The expected death toll dwarfs Iraq’s previous deadliest series of bombings, which killed 215 people in Baghdad’s Shiite Muslim enclave of Sadr City on Nov. 23.
It was unclear how the explosions, which struck two villages nearly simultaneously in the early evening, fit into Iraq’s quilt of political and ethnic rivalries.
U.S. officials blamed al-Qaida in Iraq, a Sunni Muslim extremist group that has targeted American troops, Iraqi government forces and Shiite Muslim civilians. Iraqi Prime Minister Nouri al-Maliki, a Shiite, blamed Sunni extremists. Kurdish officials said the blast was part of the jockeying between Kurds and Arabs for control of northern Iraq, though Nineveh province lies outside the Kurdish autonomous region.

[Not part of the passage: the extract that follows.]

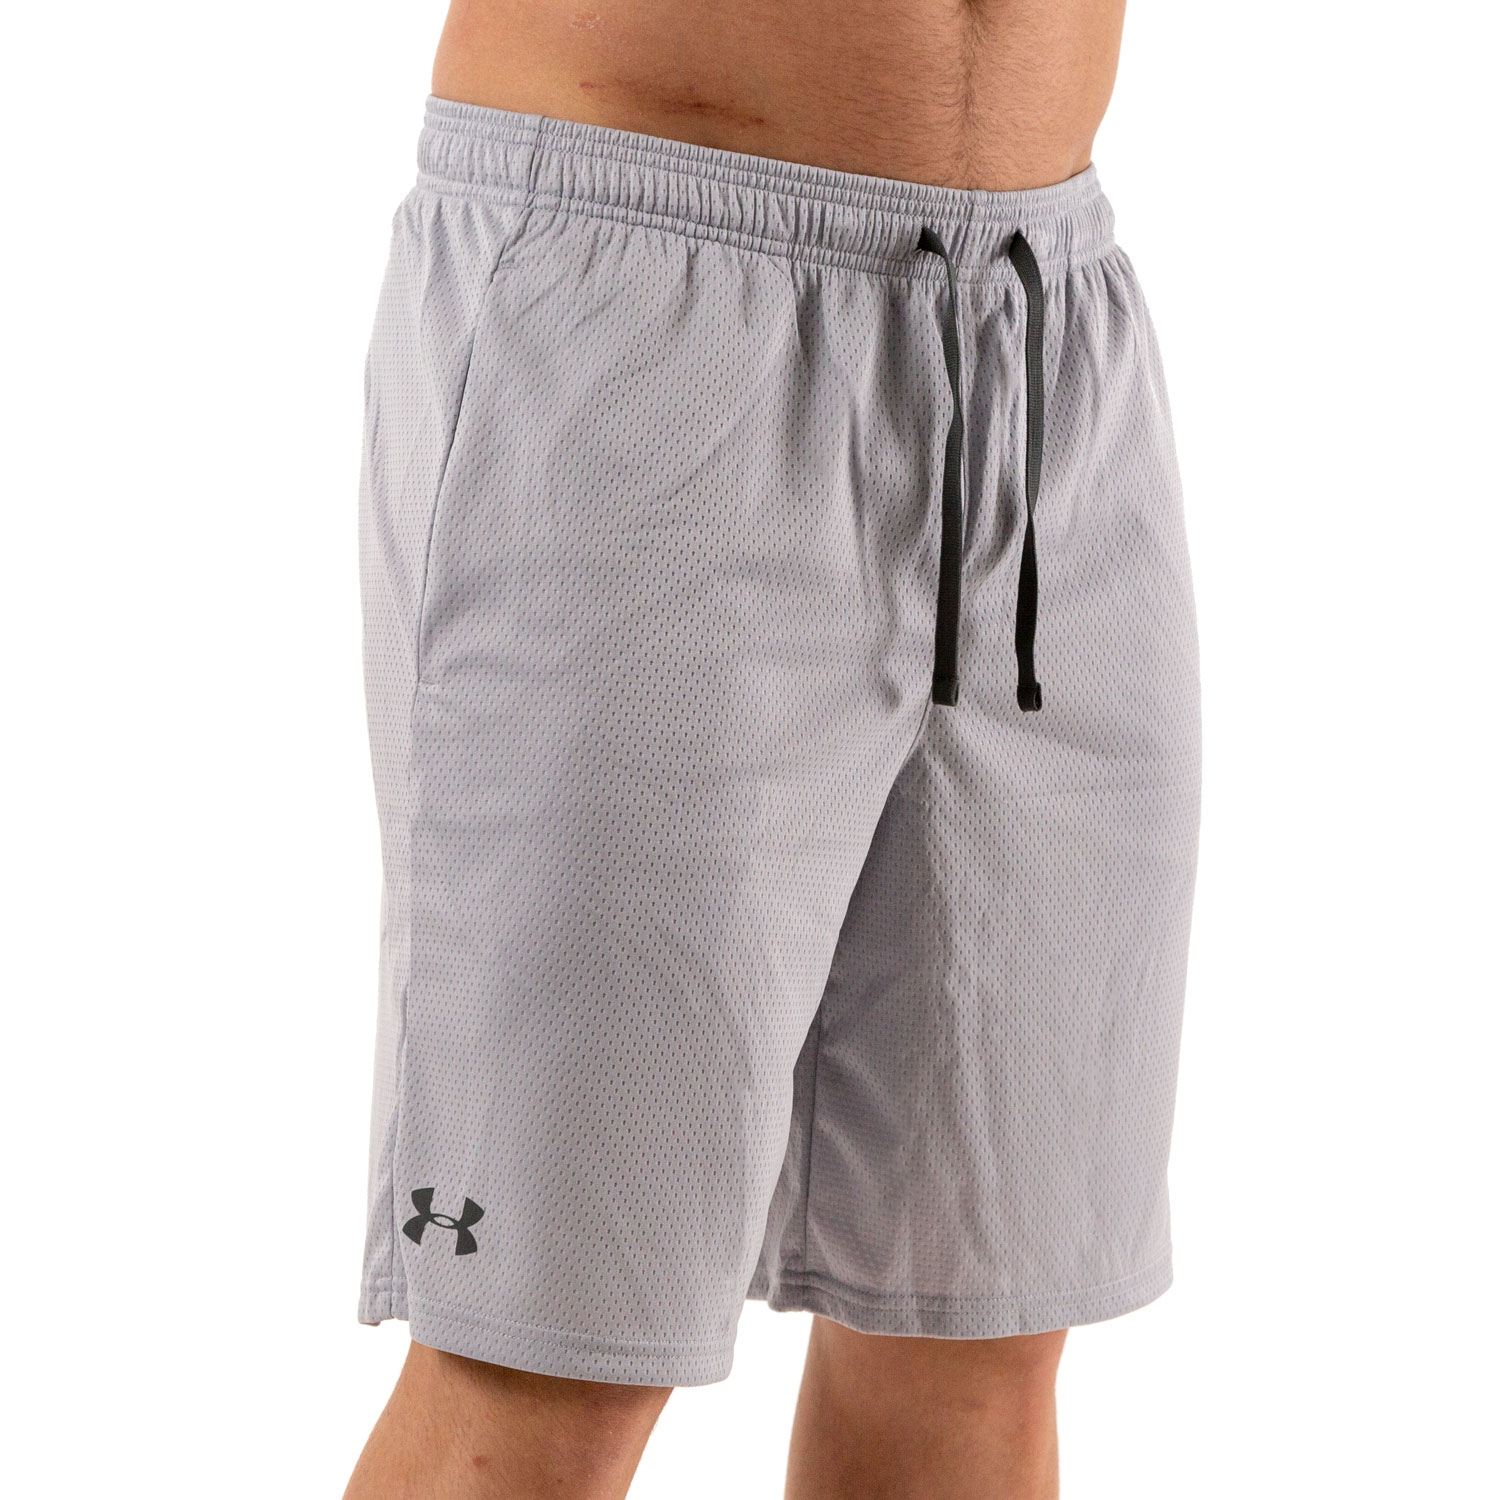 under armor tennis shorts

Many, however, said the blast appeared to be the latest spasm in a blood feud that erupted earlier this year when members of Iraq’s non-Muslim Yazidi ethnic minority stoned to death a teenage girl they accused of dating a Sunni Arab man and converting to Islam.
The brutal death of Duaa Khalil Aswad, 17, in April was captured on video by cell phone. Stomach-turning images of her writhing as she was beaten and pelted with stones by hundreds of young Yazidi men spread across the Internet.
Two weeks later, 23 Yazidi men were taken from a bus and executed.